In light of these developments and other minor changes across the model, Jones Trading reiterated its Buy rating but reduced the price target for Aptose Biosciences to $5. The firm believes that despite the lowered target, the company's stock remains a positive investment opportunity.

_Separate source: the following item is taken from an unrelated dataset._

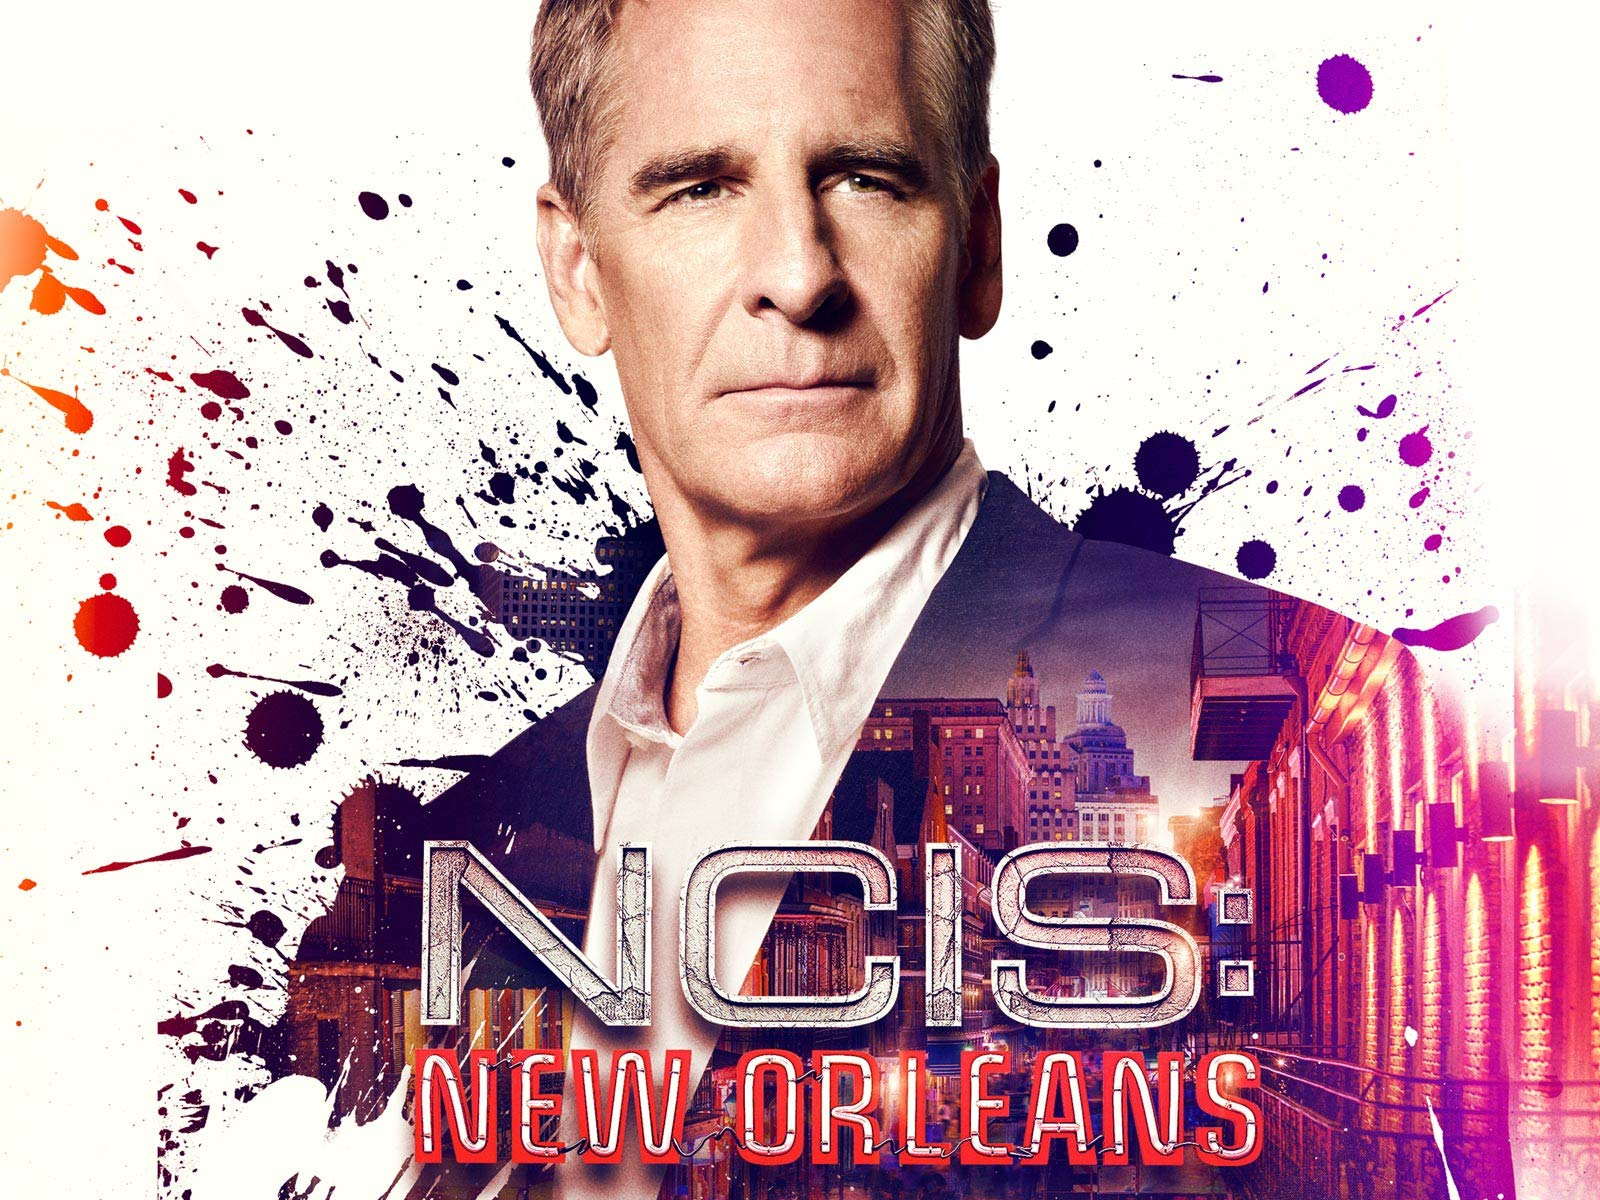 ncis new orleans season 5 episode 3 online

https://www.investing.com/news/company-news/aptose-biosciences-target-cut-maintains-buy-rating-on-new-drug-development-93CH-3355850
dcaf7
10月前
Some thoughts on Rice.
Rice has an interesting career. “He served as Head of the Laboratory of Antiviral Drug Mechanisms and Manager of the HIV Clinical Interface Laboratory for the National Cancer Institute (NCI), National Institutes of Health from 1992 to 1998. In this position, Dr. Rice directed the activities of several projects targeting new ways to treat HIV and other infectious diseases. From 1989 to 1992, he was professor of Pediatric Hematology and Oncology at Emory University School of Medicine, where he built a program to identify new molecular structures as antiviral targets”. So, he was in hematology/oncology, but it was not related to oncology. Then, from Aug 1998 to Aug 2003 he worked as a CEO of Achillion Pharmaceuticals, an anti-infective pharmaceutical company. Under his leadership no drug was approved. From 2003 to 2013 he served as a CEO of Cylene Pharmaceuticals. The company was working on oral CK2 protein kinase inhibitor, CX-4945, in patients with advanced solid tumors, or multiple myeloma. This drug is still in clinical trials, not even close to FDA approval. Their second drug was Quarfloxin, a selective binder for MYC GQ structure. Is it related to APTO-253? Anyway, later quarfloxin was discarded due to its poor bioavailability. Isn’t it a familiar theme? And from 2013 to the present, Rice has been a CEO of Lorus/Aptose Biosciences. The result of his work as a leader of Aptose is two failed drugs, APTO-253 and Luxeptinib. Point is that during his very long career in biotech industry as a CEO, Rice was not able to bring any drug to the market. I hope Tuspetinib is his last chance.